Now, as I look back I can’t imagine why we left that beautiful dog downstairs in a dark basement, except that my father was working practically all the time and my mother had the apartment and the store to take care of and all the cooking and cleaning and she was forming my little kid sister in her belly. And Bates was only there part-time because he worked on the ice truck with my grandfather and his brothers. And I was too small. Even though I was getting big and I thought myself pretty immense in my sailor suit or my dark blue coat and cap, Rex grew faster than me. He was too big for me to handle.
So many long days and nights in a dark cellar would make any living thing blind. That’s what it did to Rex. I cried when I learned he was blind.

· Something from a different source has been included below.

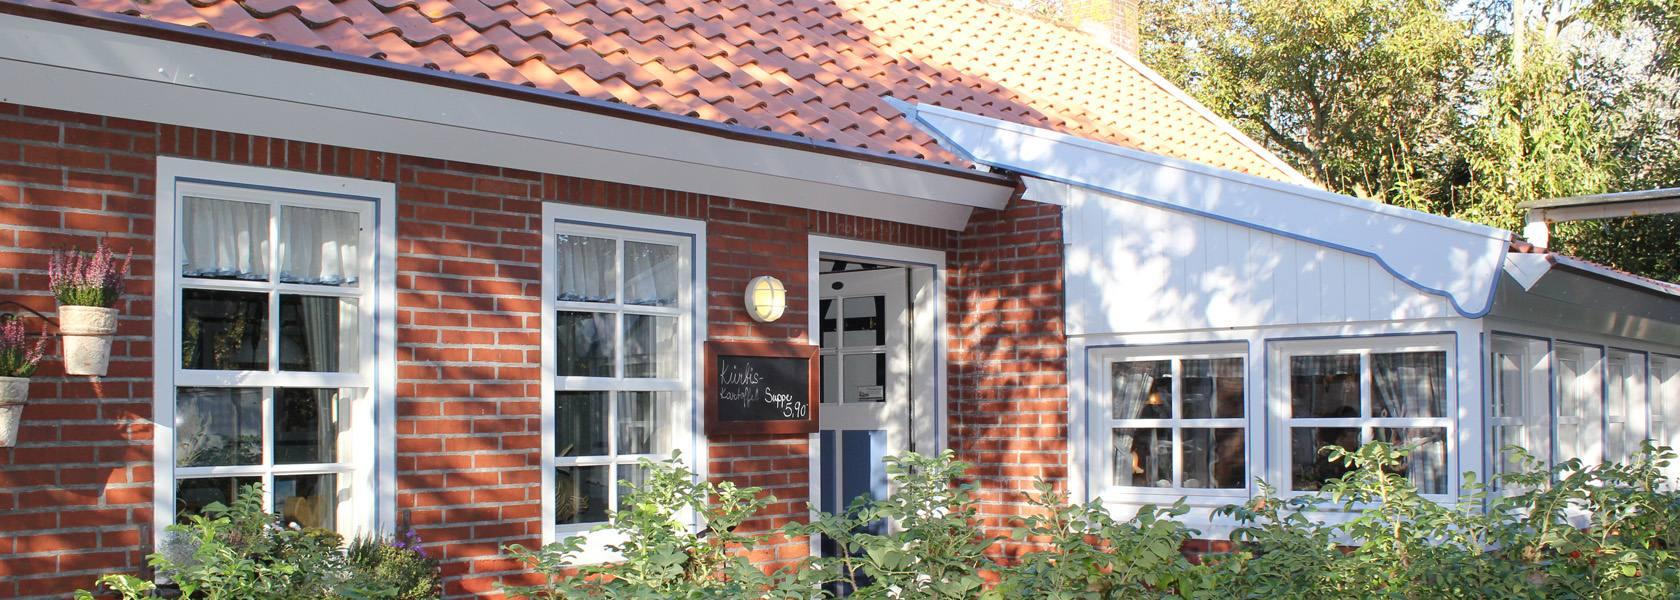 Lütje Teehuus Juist, © Die Nordsee GmbH, Katja Benke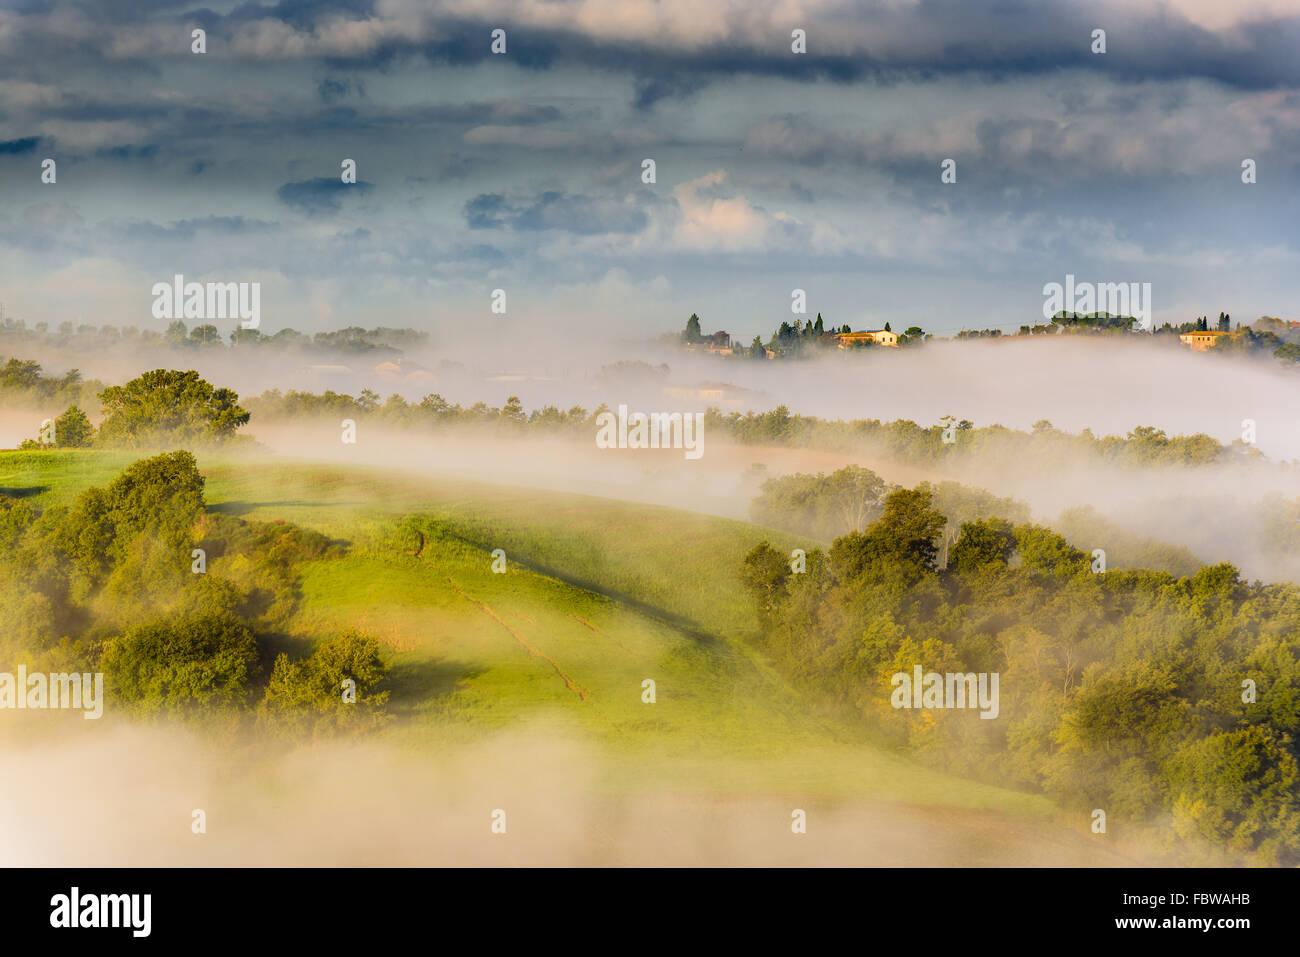 Bäume und Obstgärten auf den italienischen Feldern. Toskana Herbst Tag. Stockbild

I wanted to see because I loved the light and I knew that Life is only what it is because of the light. The reality of his blindness was too crushing for me to have any energy left over to look for someone to pin blame on. Though you would think adults should know better, even when they are busy. I do remember that when I sneaked downstairs, which I wasn’t supposed to do, he remembered me anyway and he’d come racing over and throw himself at my feet.
I was as helpless before Rex’s blindness as I was before the news that we couldn’t take him with us to our new house on 81st Street. I said “no” many times and I wept and shouted through my tears but we had to give him away. My grandfather was probably the one who said that we couldn’t have him, probably because my grandmother didn’t want it. He showed how much he despised dogs by the way he kicked them.
After a long while I became convinced that no matter what I said or did Rex was going to be given away. He was a big, romping fellow and that was against him, as was his blindness. But he was a police dog and a notorious protector, and people who came around to visit us were sure he would get his eyesight back once he lived in the light awhile.
My cousin, Mikey (really my second cousin) eventually took Rex. Mikey was a huge guy with a round, pock-marked face and thick straight black hair who ran a butcher shop somewhere in downtown Brooklyn. He told me that Rex would be happy with all the bones and meat scraps he was going to get.
I didn’t understand at the time how I could live without Rex and how he was going to be able to live without me. Even if he had the best scraps of red meat in the world and he loped around where the fragrance of meat was ever in the air he was going to miss me, and he would be sad. Mikey put a leash around his neck and yanked him; Rex whimpered all the way towards his dark brown car. He opened the back door and pushed him in, and drove off.
Years later, how many I don’t know, we went to visit my Uncle Joe and family on 77th Street and Mikey was there, and Rex. He was big, very big and his bark was very deep and to my glad surprise he could see. And he came over to me and looked at me for a moment, uncertainly, and began to sniff me, and for a moment I thought he remembered me. He did, I’m sure of that. But he didn’t want to be sad too long, not after what he had been through. When Mikey called him he whirled around and went off and out the door and I never saw him again.
But I still remember him. I think—I hope—he remembers me.